_Task goal_
The output is the line containing "Most anticipated films" plus every later line down to the end of the listing below, copied exactly. No pictures belong in it.

Start of Data

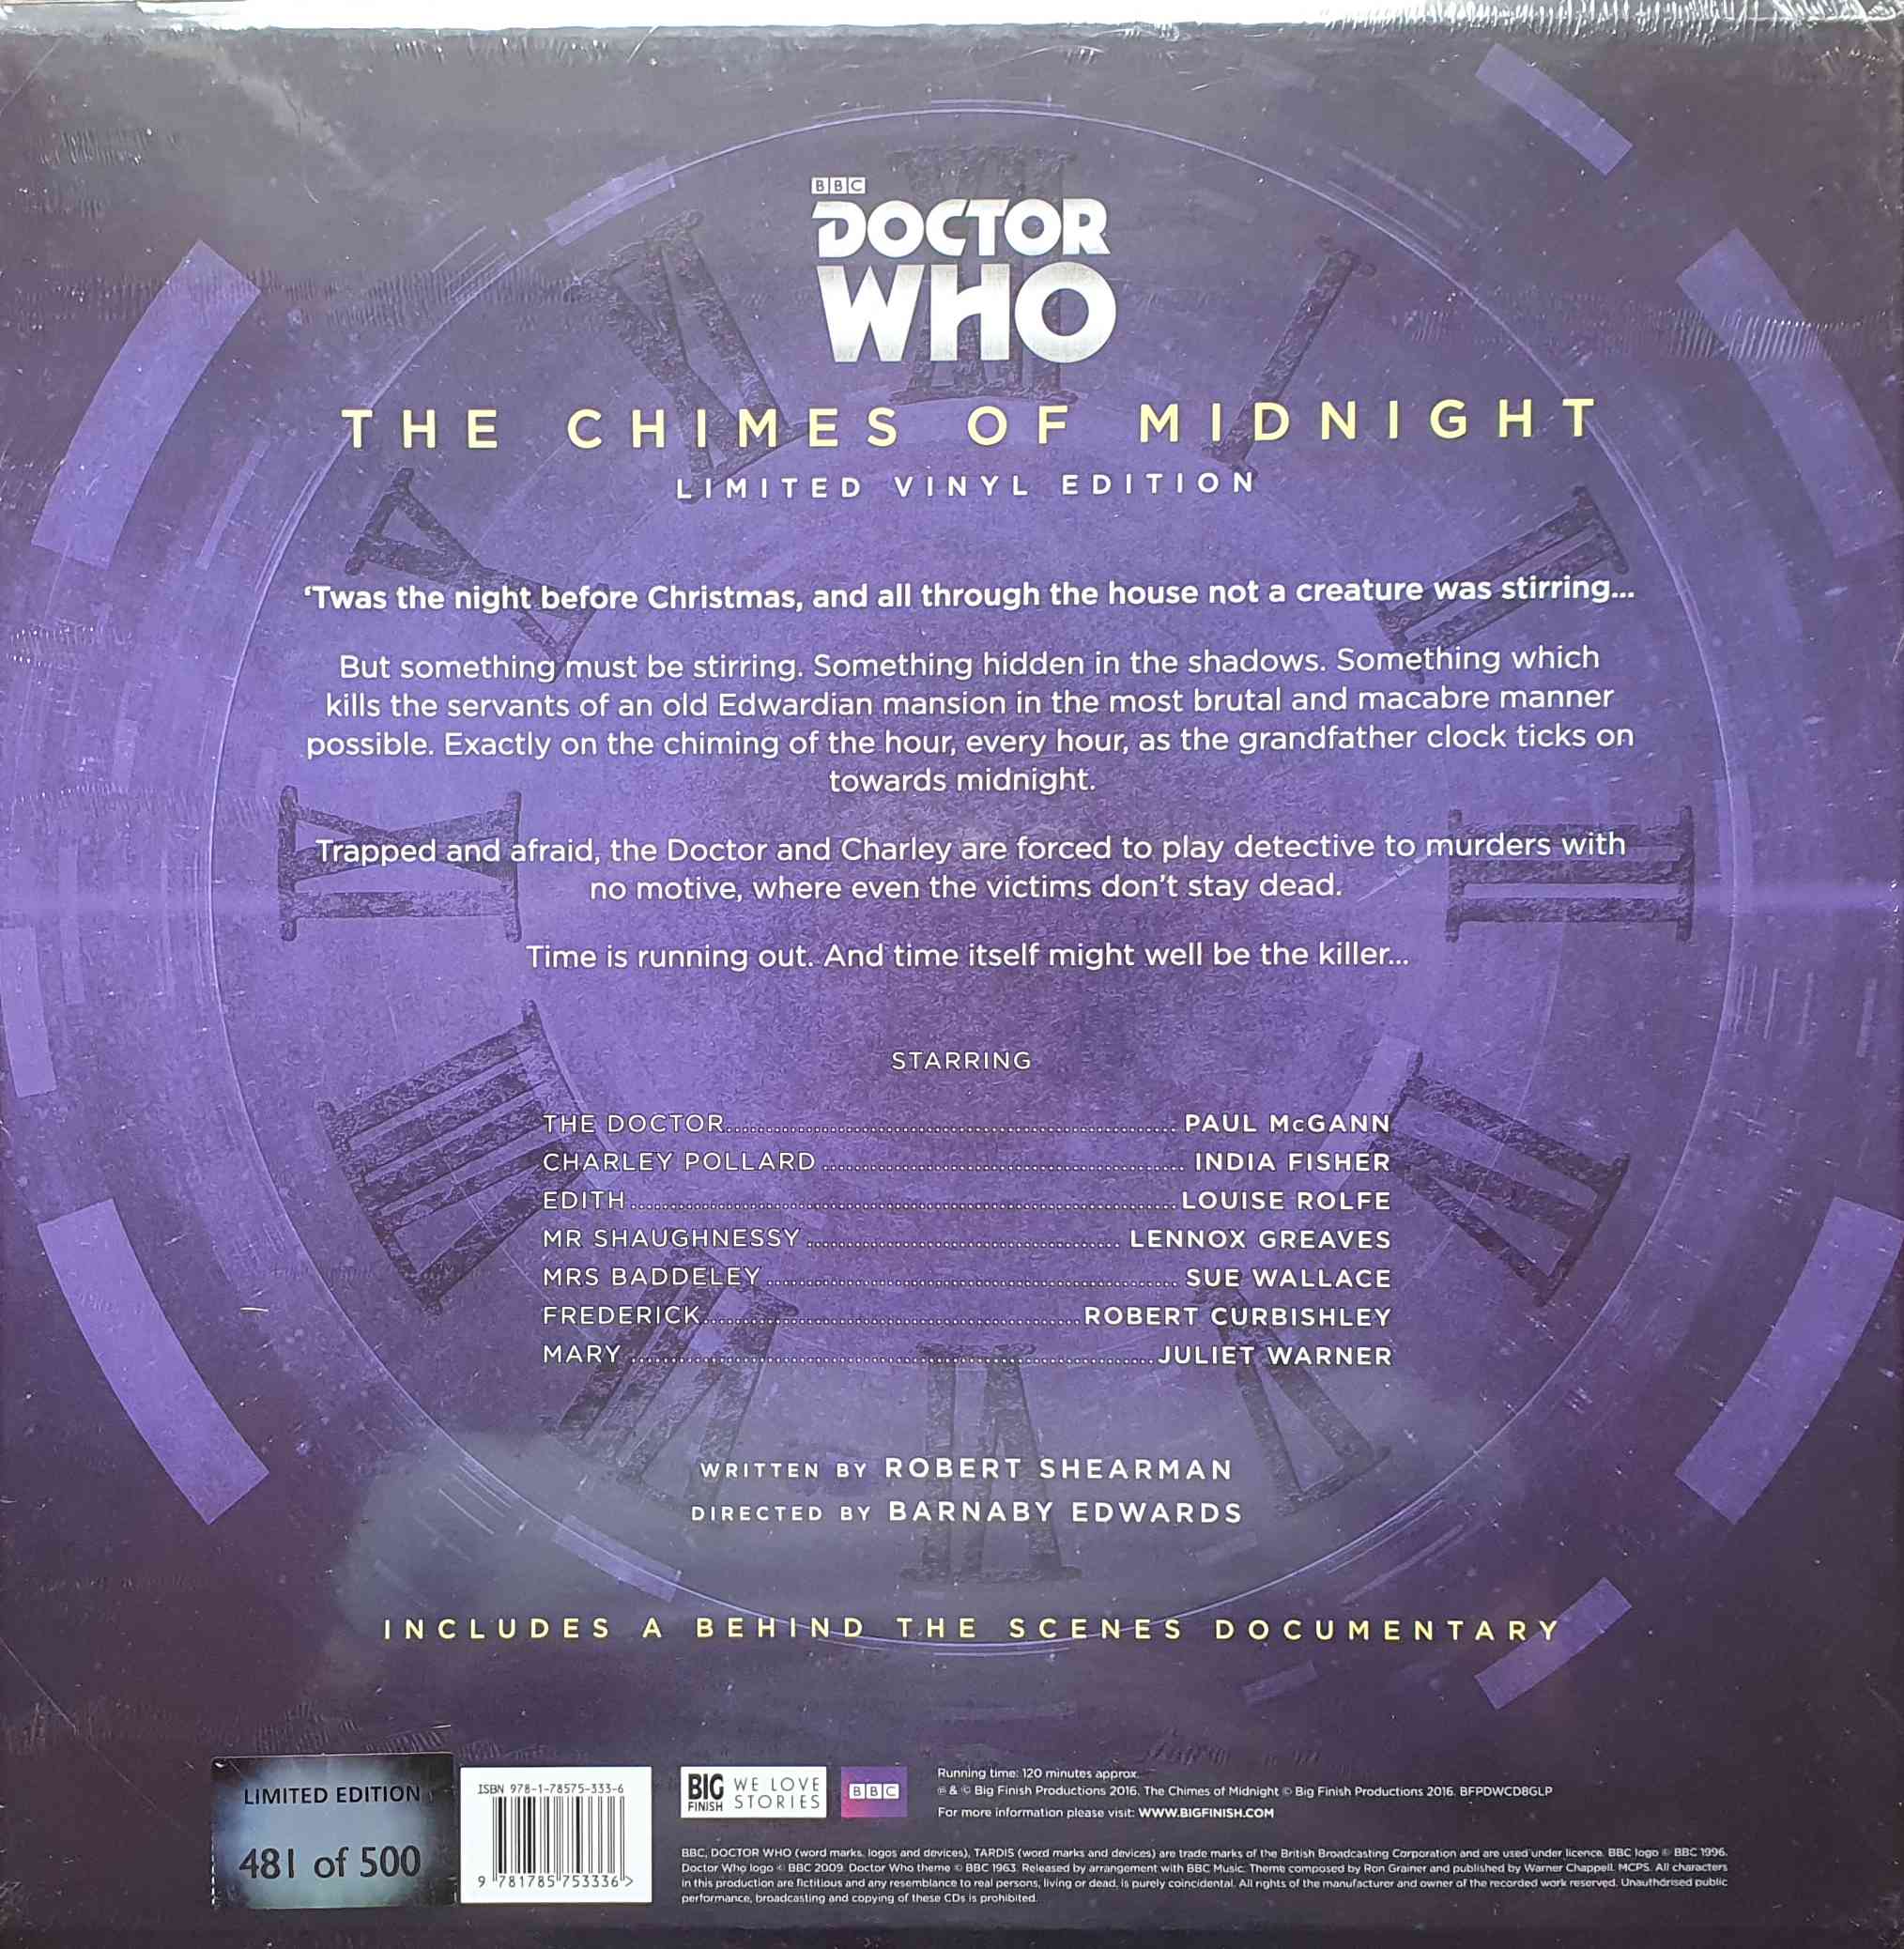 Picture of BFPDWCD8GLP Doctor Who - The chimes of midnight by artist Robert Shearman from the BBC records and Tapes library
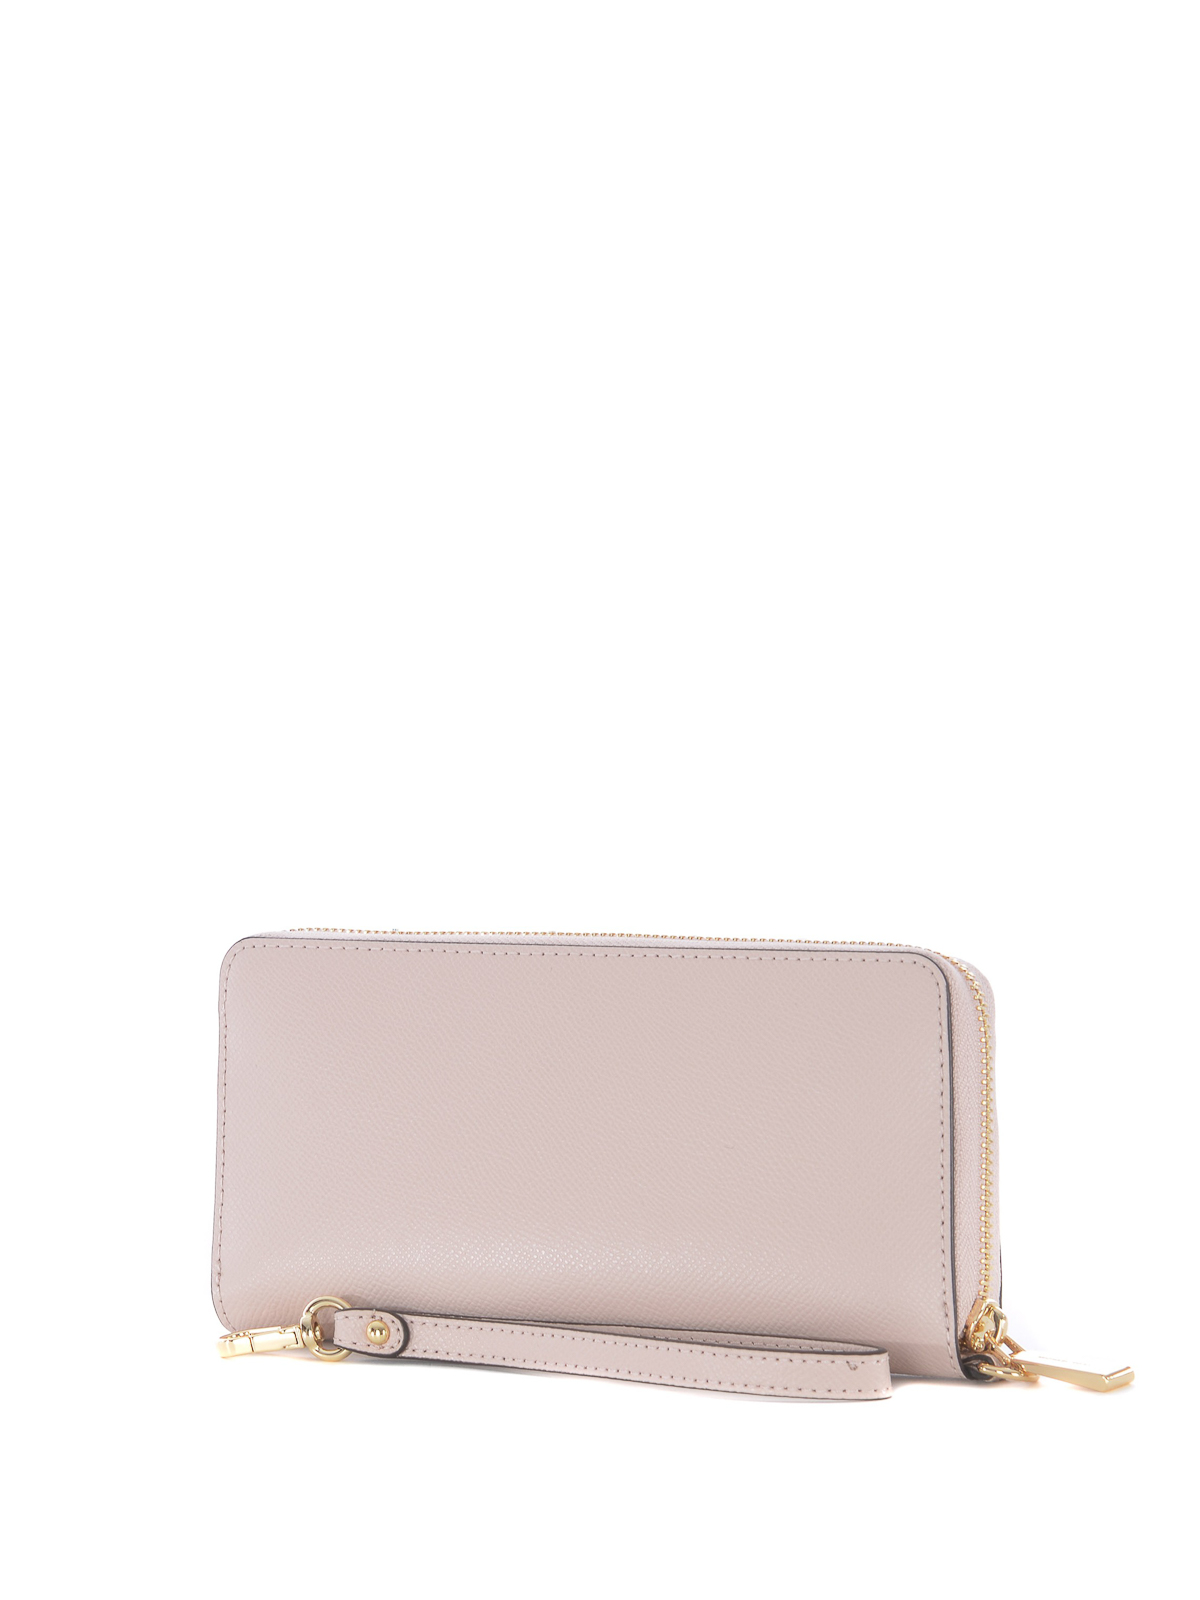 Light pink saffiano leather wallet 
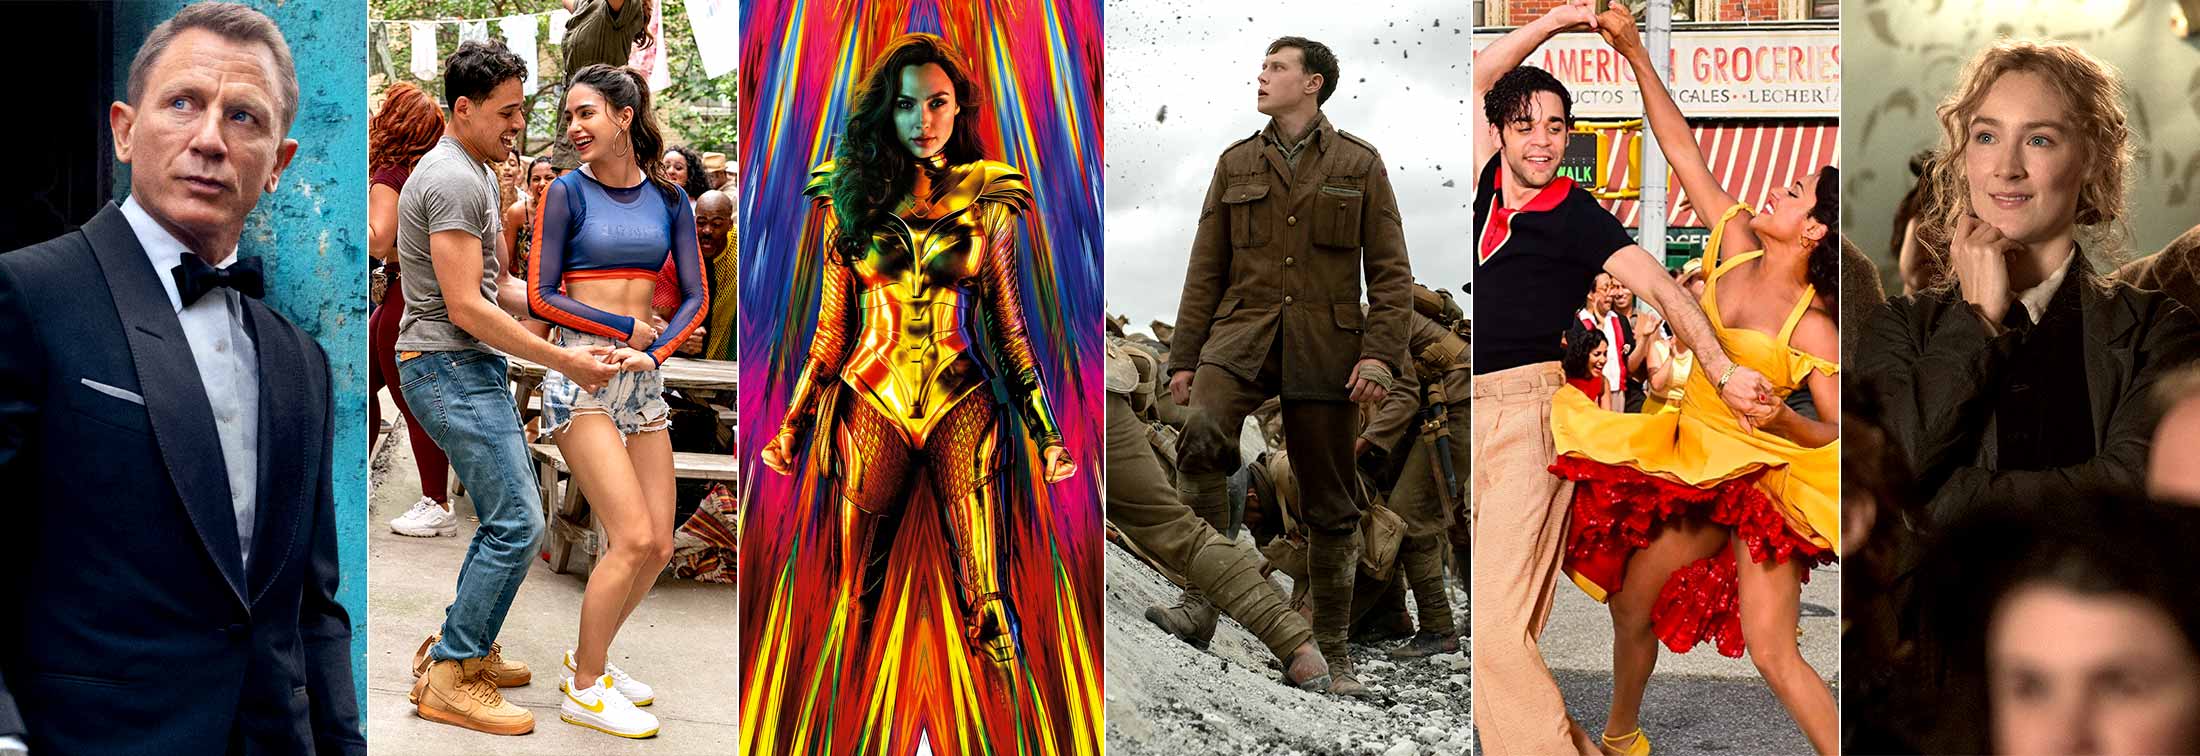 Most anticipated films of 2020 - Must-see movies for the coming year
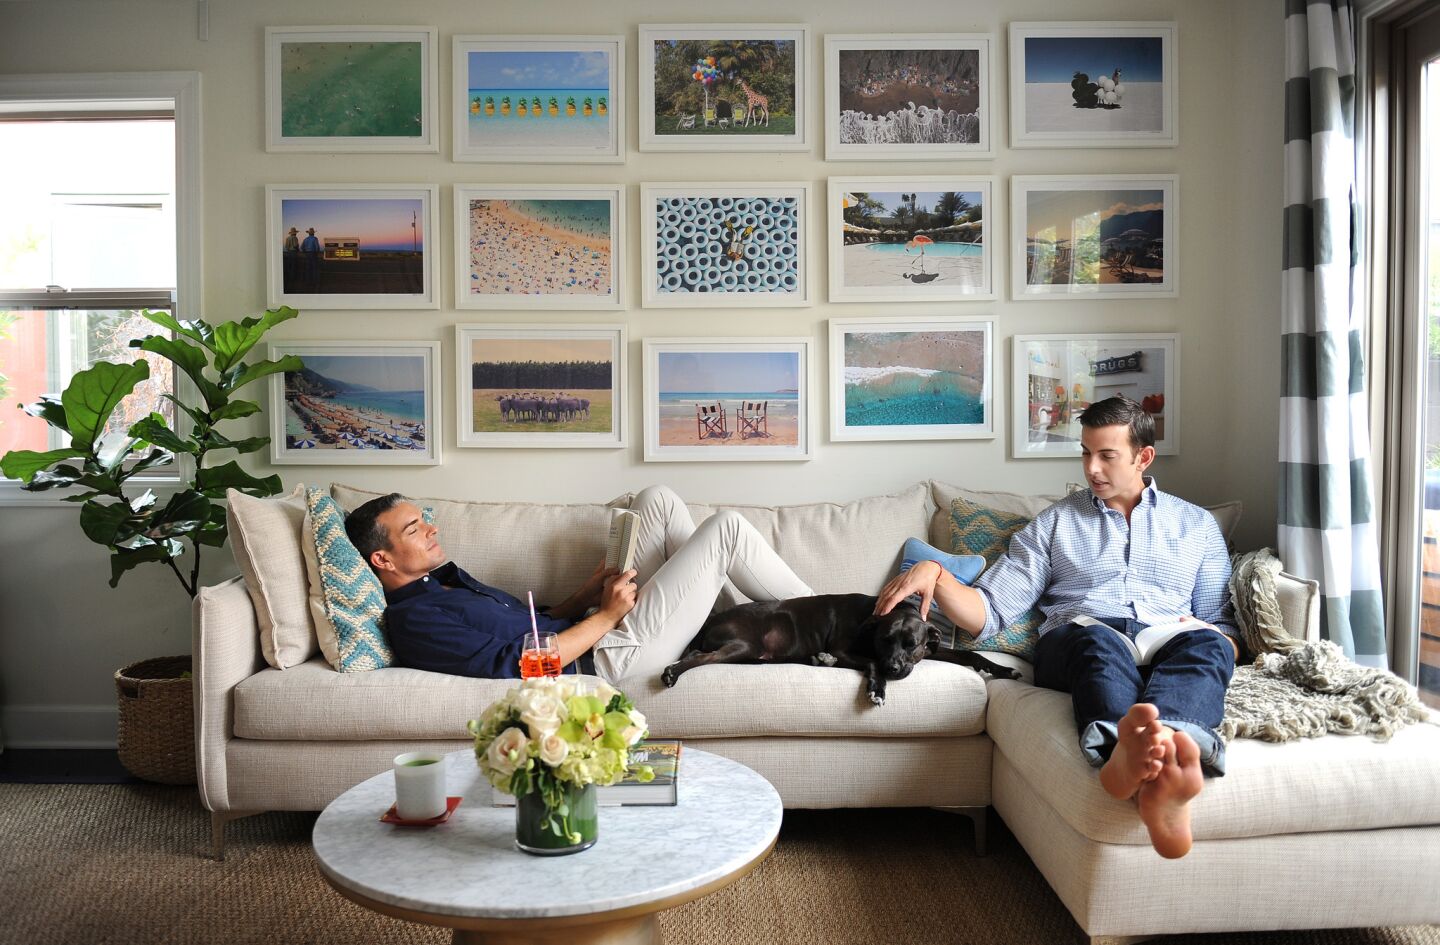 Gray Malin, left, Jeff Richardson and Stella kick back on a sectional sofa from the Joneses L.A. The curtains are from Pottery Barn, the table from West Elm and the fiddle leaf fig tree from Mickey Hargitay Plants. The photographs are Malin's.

End of Data

_Solution below_
 Most anticipated films of 2020 - Must-see movies for the coming year
 Gray Malin, left, Jeff Richardson and Stella kick back on a sectional sofa from the Joneses L.A. The curtains are from Pottery Barn, the table from West Elm and the fiddle leaf fig tree from Mickey Hargitay Plants. The photographs are Malin's.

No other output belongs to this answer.